Importantly, share sales to the public are prohibited, so that
there is no market to determine a value. The shareholders
[newly inheriting the company] didn't know the detials of the
Articles of Association; nor did the auditor/s.
The mother and 4 children majority controlling shareholders
offered the single minority shareholder a joke price for his
shares and gave written warning that "if the disputes are
not settled, we'll get attorneys ..".
The minority owed legal costs to the majority, which were one
third of the net value of a company loan account, which the
minority had inherited.
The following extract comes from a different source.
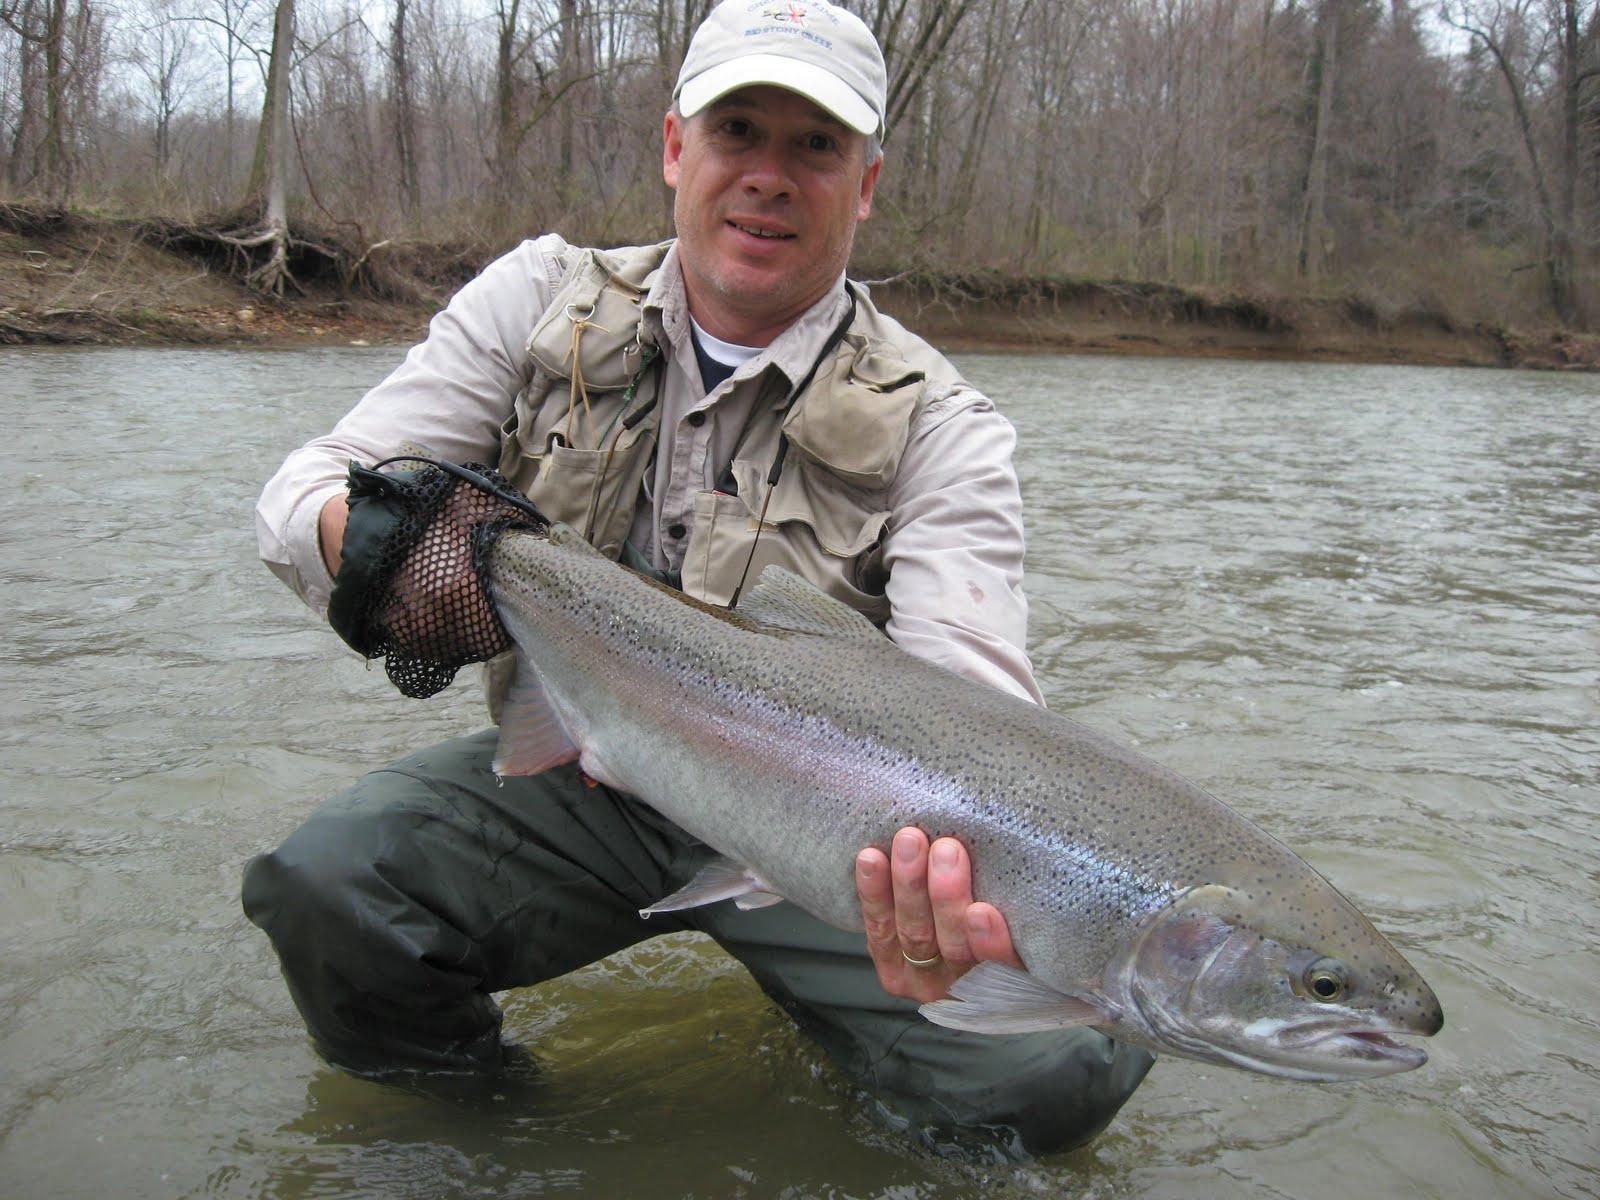 Pa ohio steelhead guides fly fishing reports fly tying for Steelhead fly fishing

So, as majority controllers of the
company, the majority had posession and control of the bank
deposit of three times the minority's debt to them.
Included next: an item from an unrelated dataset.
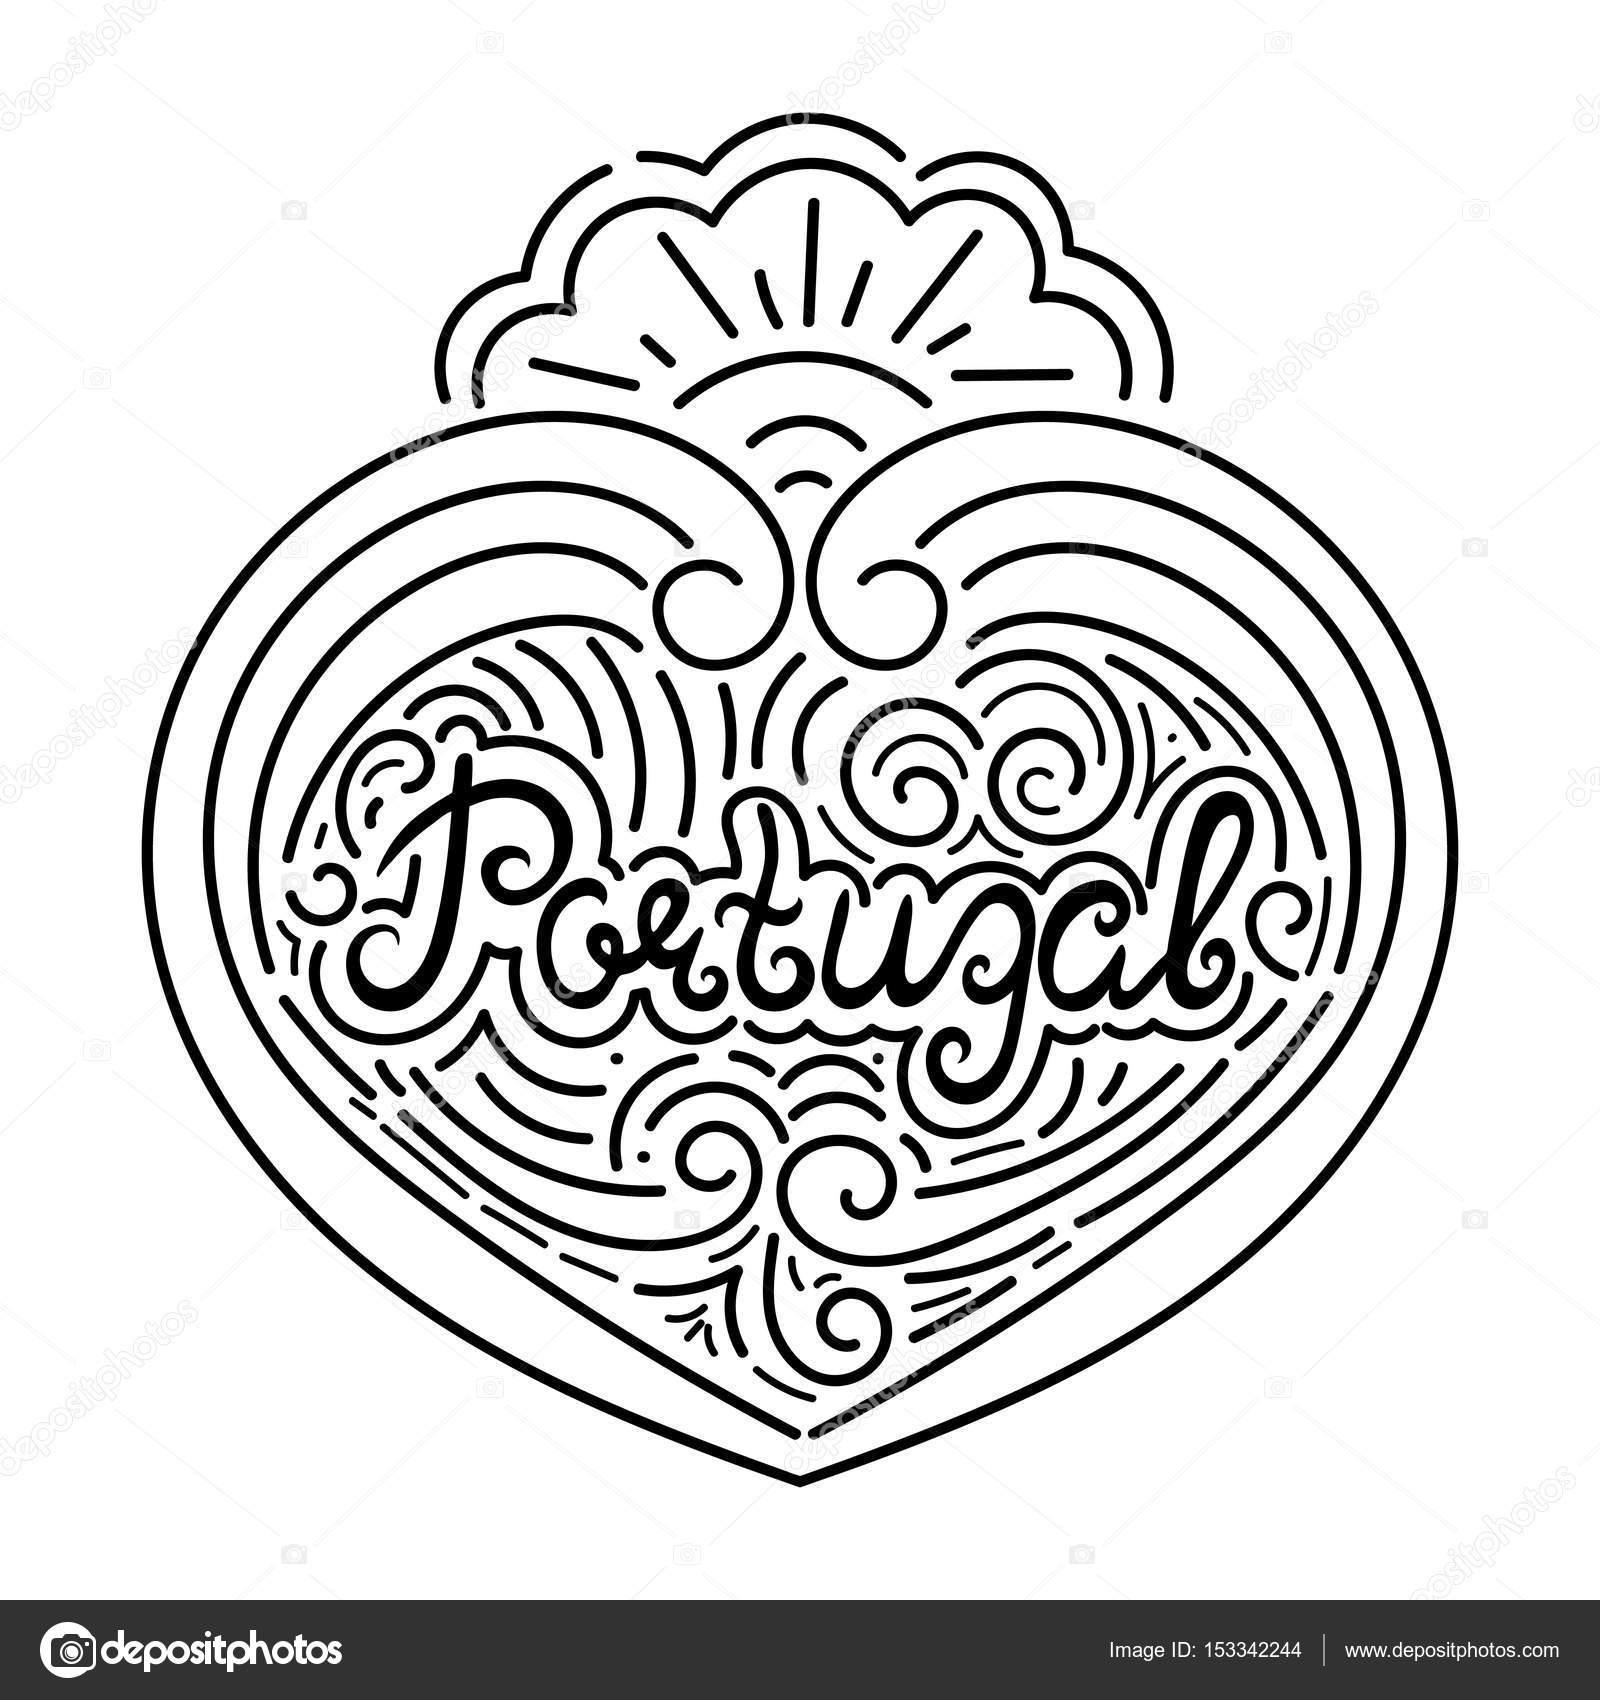 Portugal hand drawn typography black white illustration — Stock

Unknow to the minority, the majority transfered the loan
account, which the minority had inherited, to the will executor
and executed the minority's rental property: sole income source.
Their motive was, to contrive a liquidity crisis for the minority,
to force him to sell his shares to save his rental property.
The legal fees taxing record shows a lot of correspondence
between: the majority's attorney, the will executor and
the company auditor; around the time when the tricky
timing of the contrived execution of the minority's property
was done. Ie. these parties collaborated.
It is now discovered that the Auditor [of the company, for over
10 years] didn't know that the Articles of Association required
him to put forwards a fair price for the shares; and the record
shows that he had associated himself with the majority's
'joke price' by being the broker/mediator [since the
minority and majority were not on speaking terms].
The Auditor had told the minority [although it can't be
proved] that "even if the fair price is ten times their offer,
you'll never get it".
Q1. can the minority expect the Court to replace the auditor,
as the fair price determiner ?
Q2. Since the Auditor didn't know his duty/s per the Articles
of Association, but would have performed them if they had
been pointed out to him, is he guilty of failure to perform
fiduciary duty - or is it just too bad for the minority, that HE
too didn't know the protection offered by the Articles of
Association ?
Thanks for any feedback.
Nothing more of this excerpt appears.